Data for analysis
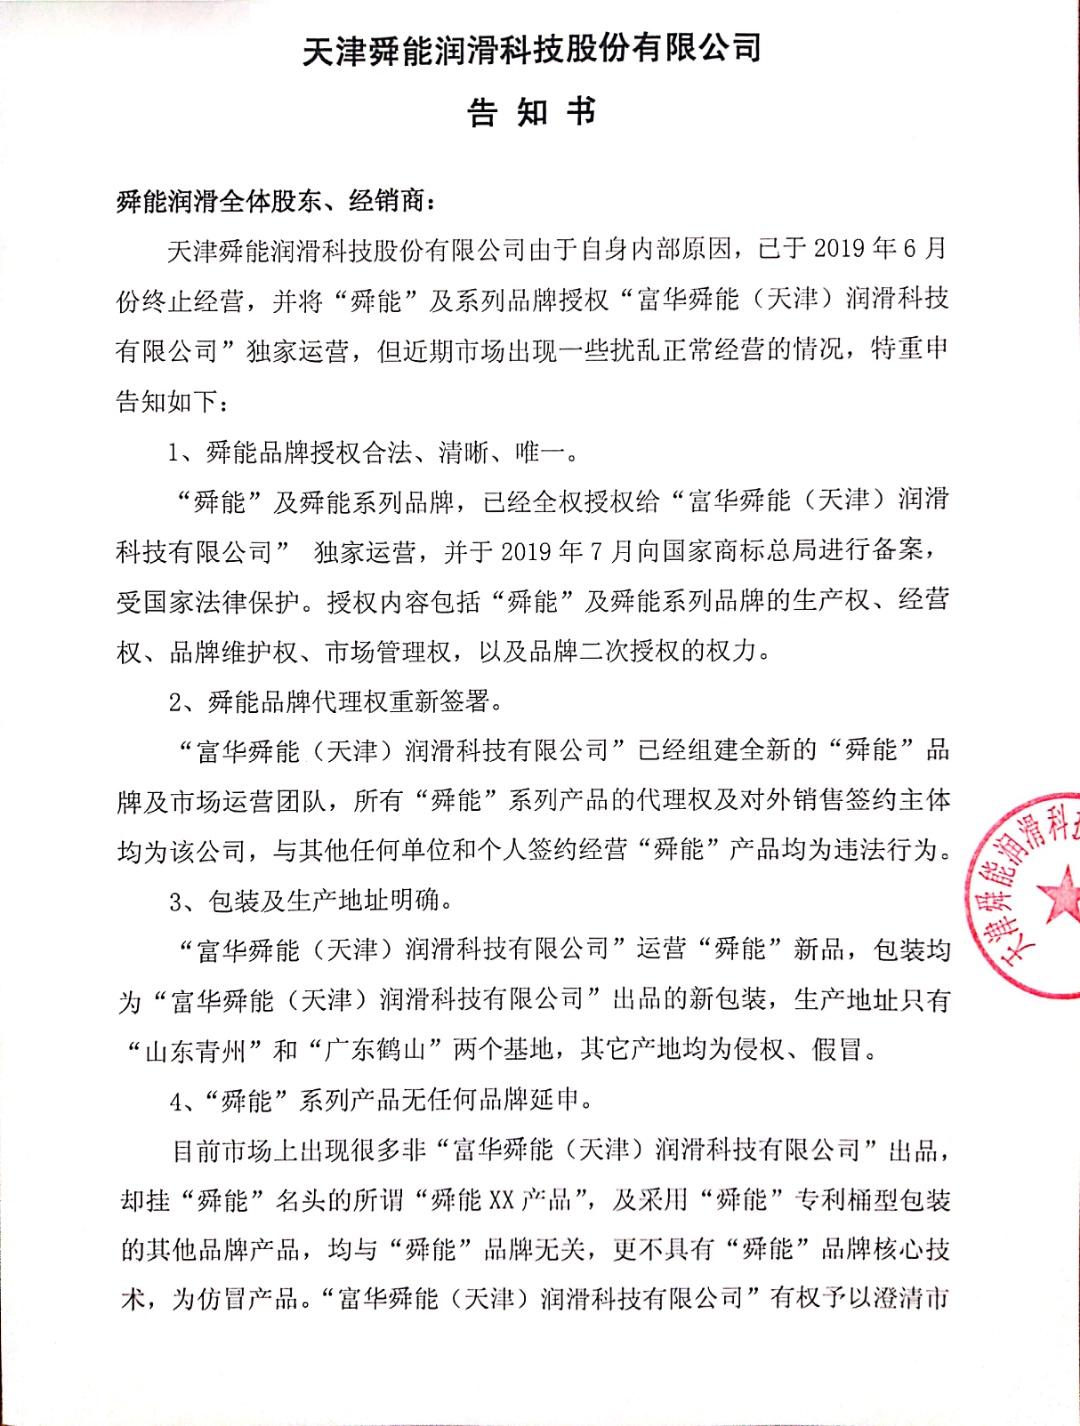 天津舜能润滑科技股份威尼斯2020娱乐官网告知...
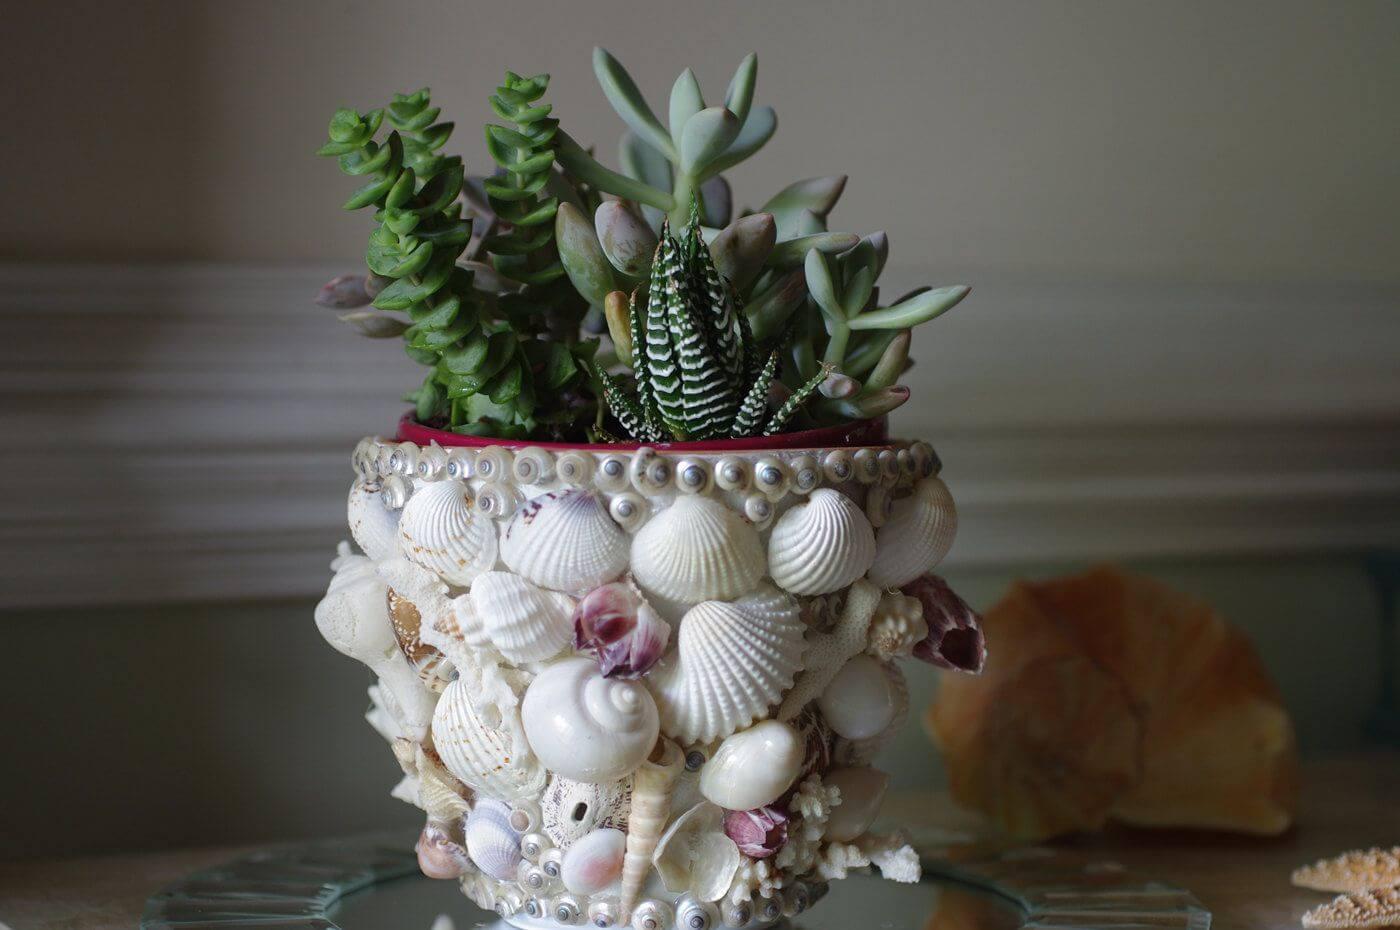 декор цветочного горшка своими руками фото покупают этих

--

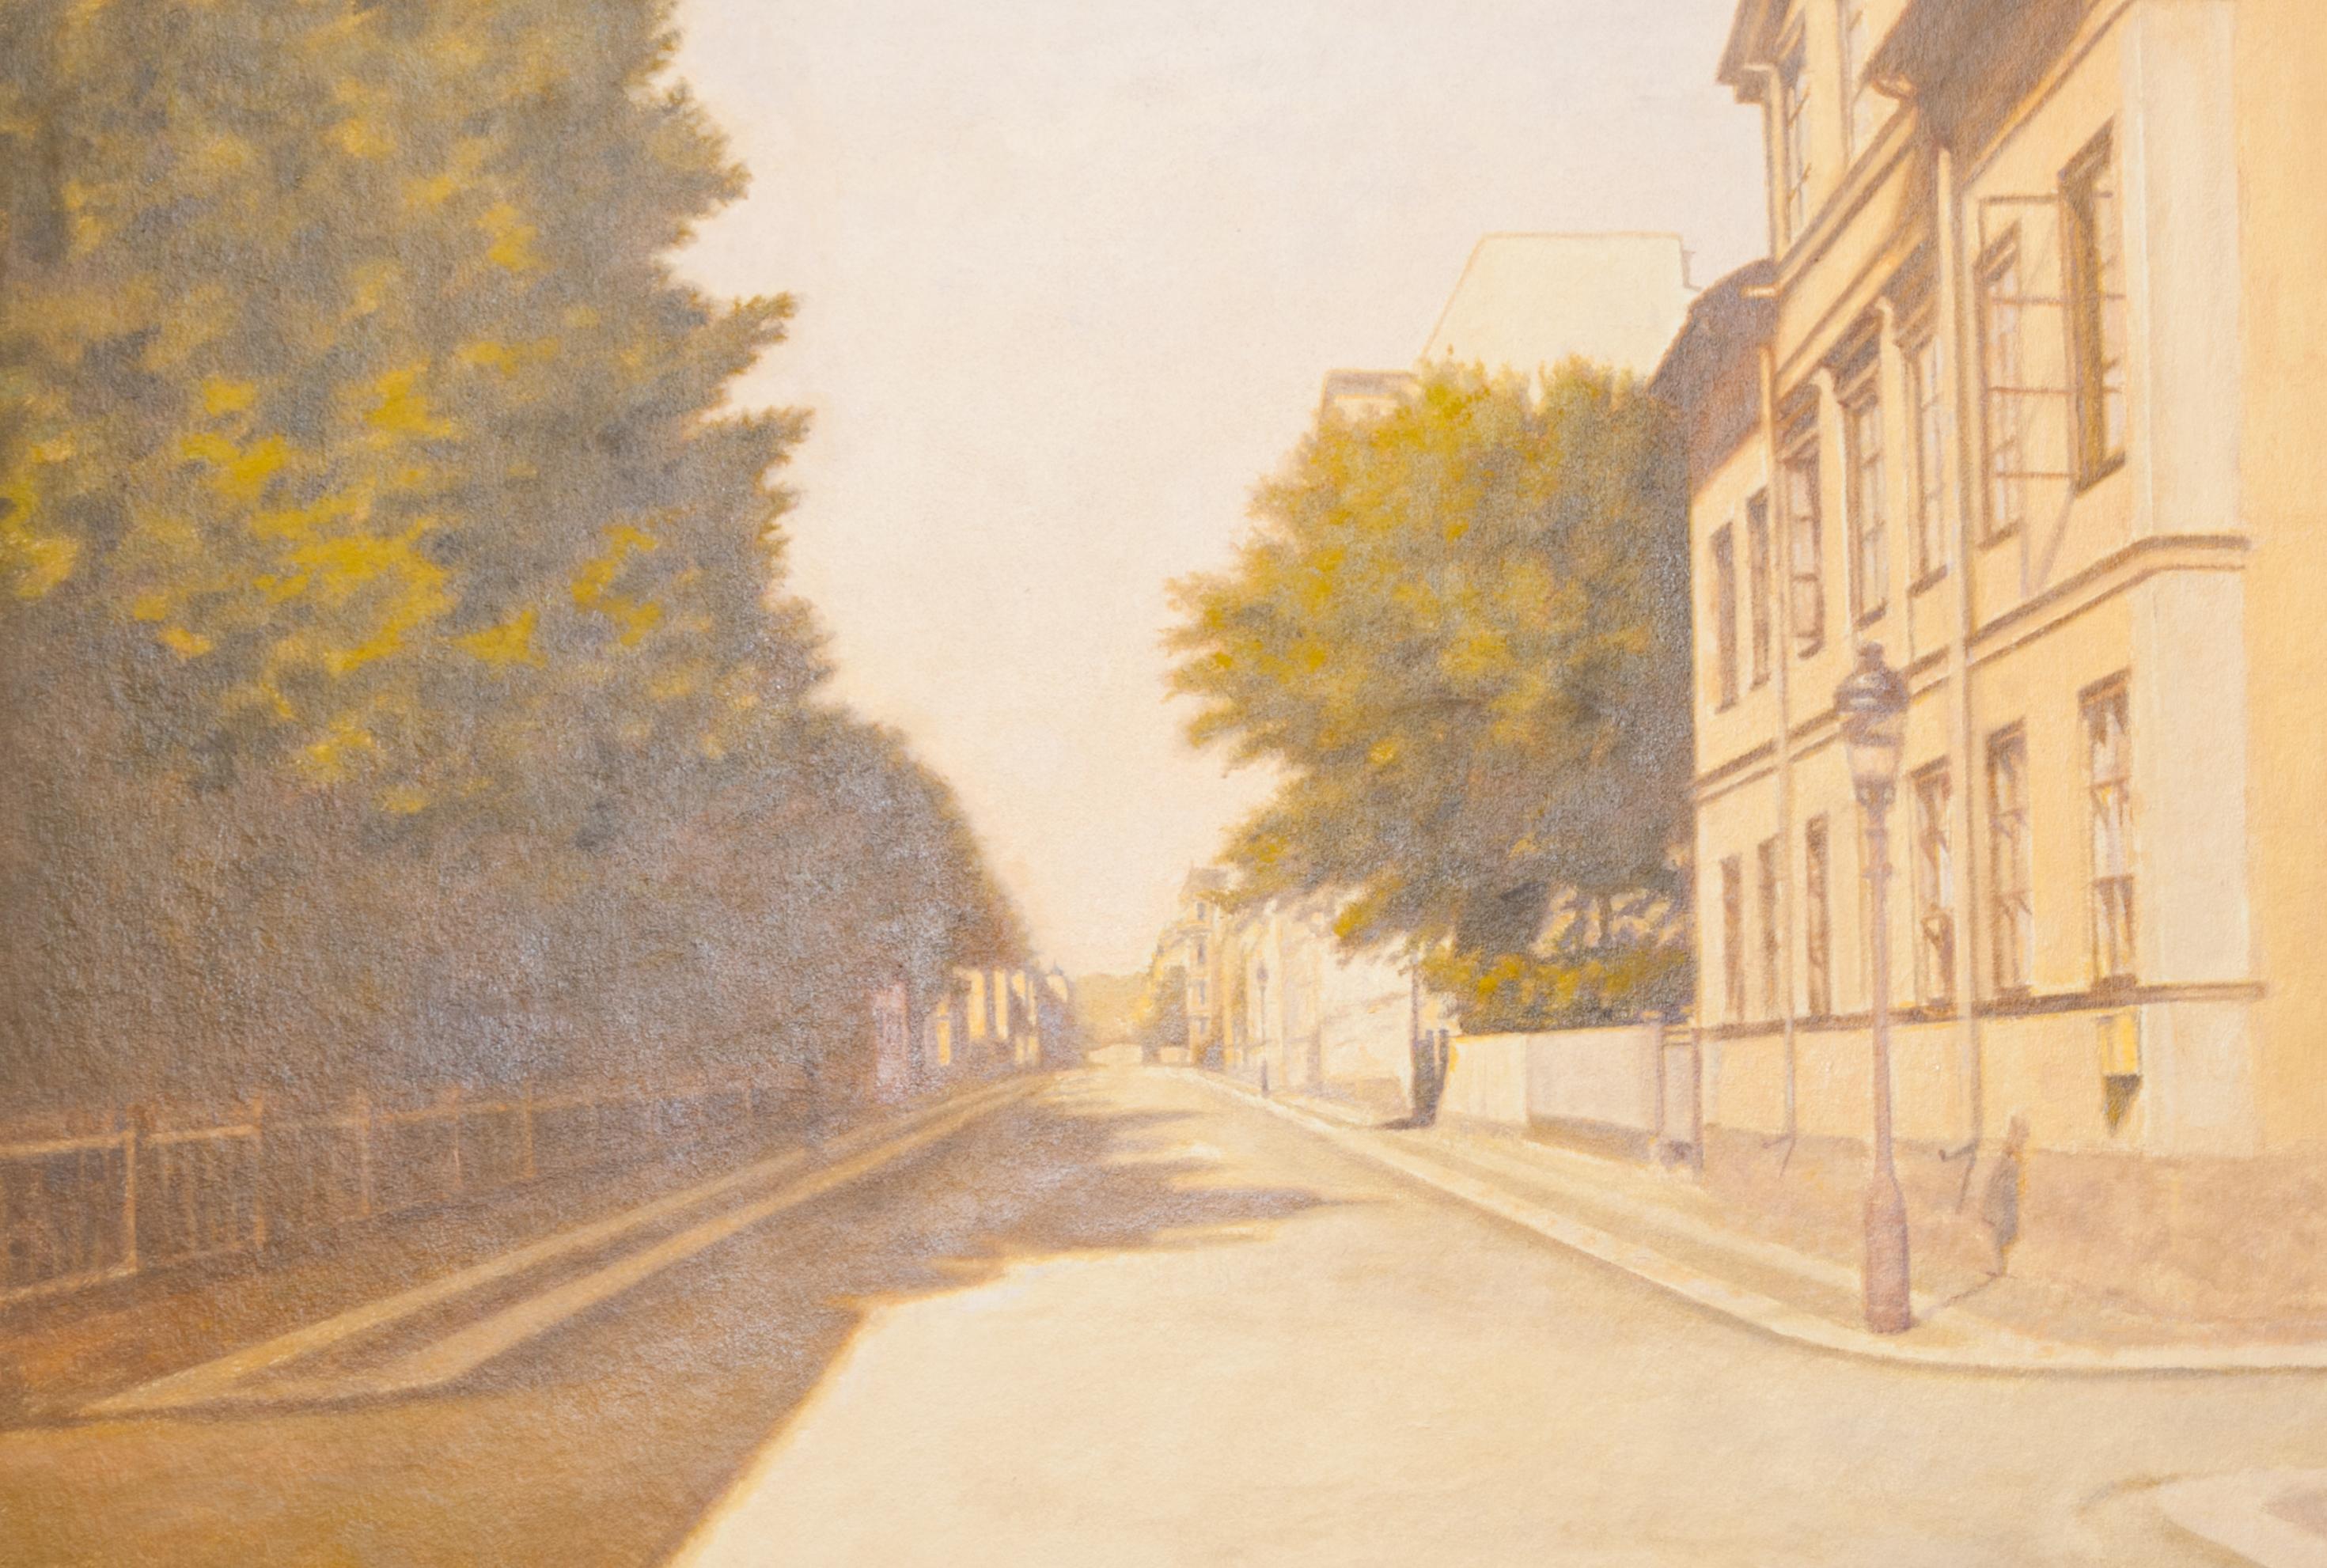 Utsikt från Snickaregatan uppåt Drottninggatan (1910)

---

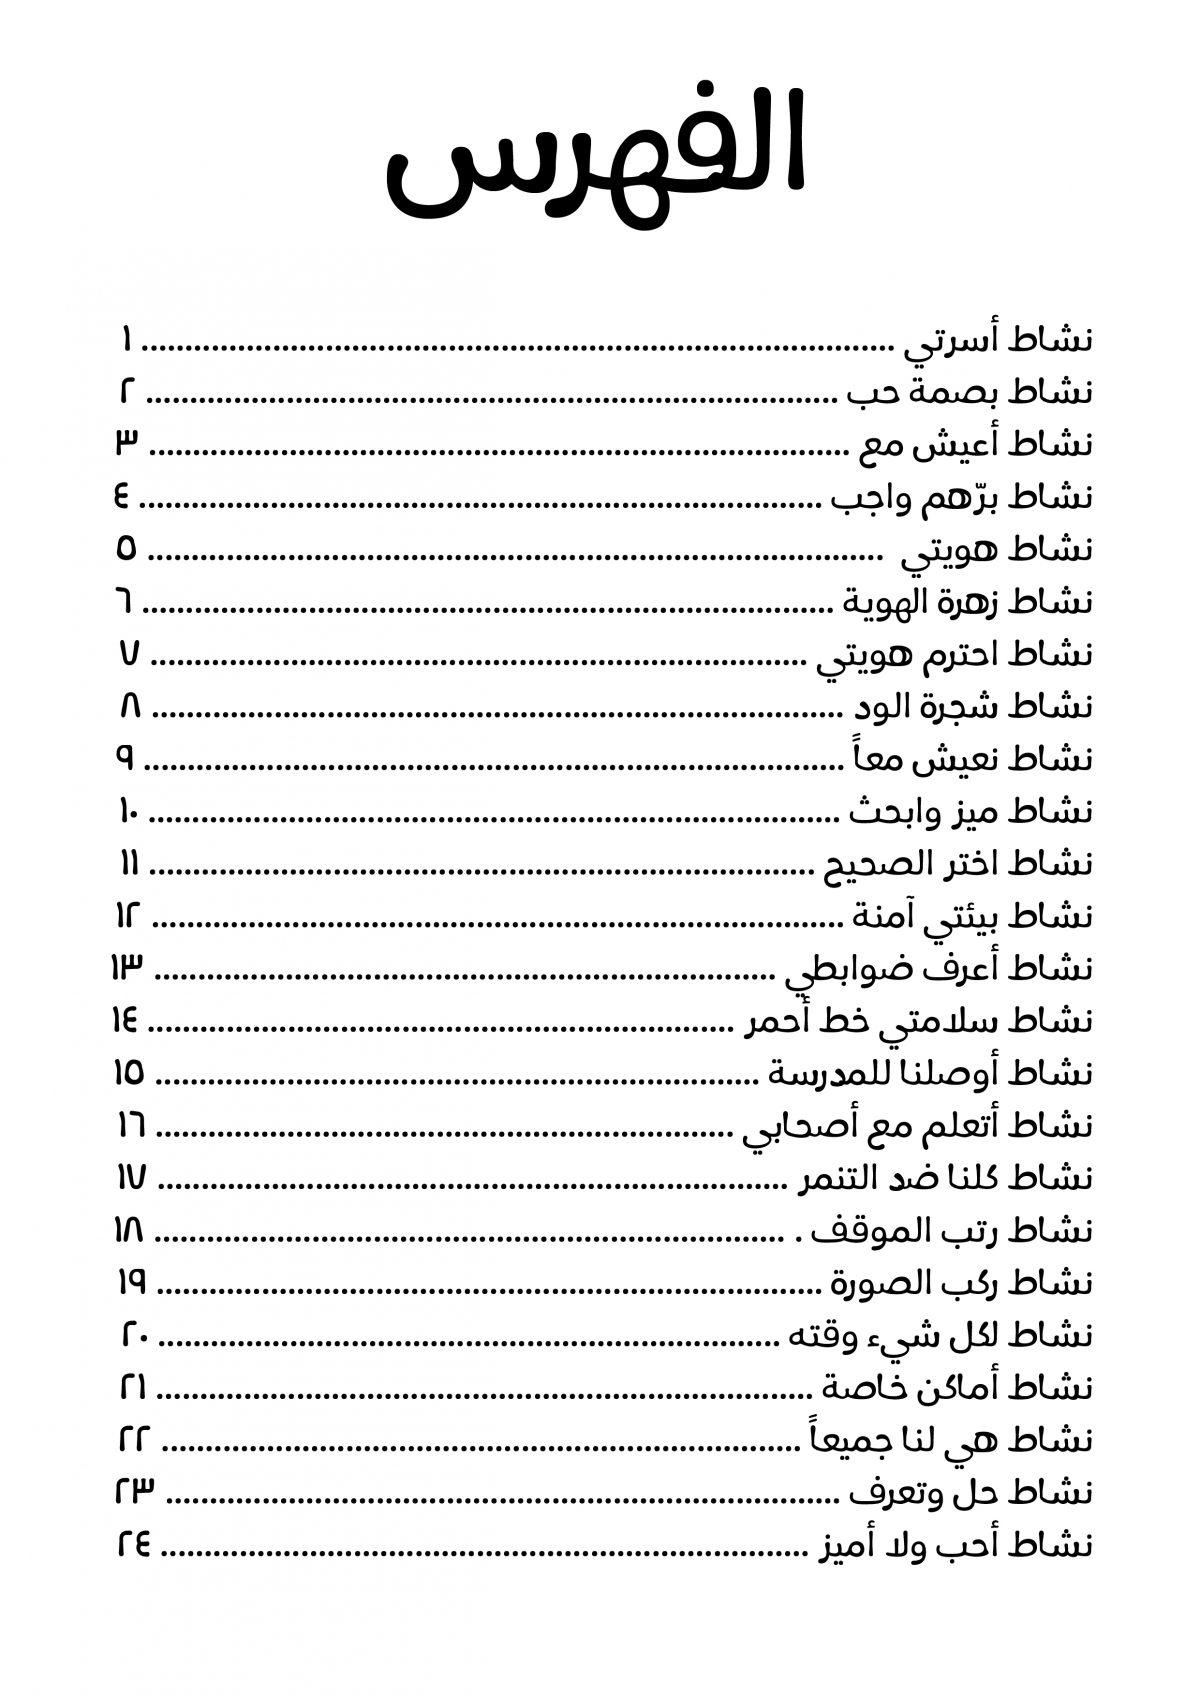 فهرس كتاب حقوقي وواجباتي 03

Task goal
Would you transcribe the lines above exactly, going from the line bearing "天津舜能润滑科技股份威尼斯2020娱乐官网告知..." through the line bearing "декор цветочного горшка", and drop the pictures from the copy?

Result of this exercise
 天津舜能润滑科技股份威尼斯2020娱乐官网告知...
 декор цветочного горшка своими руками фото покупают этих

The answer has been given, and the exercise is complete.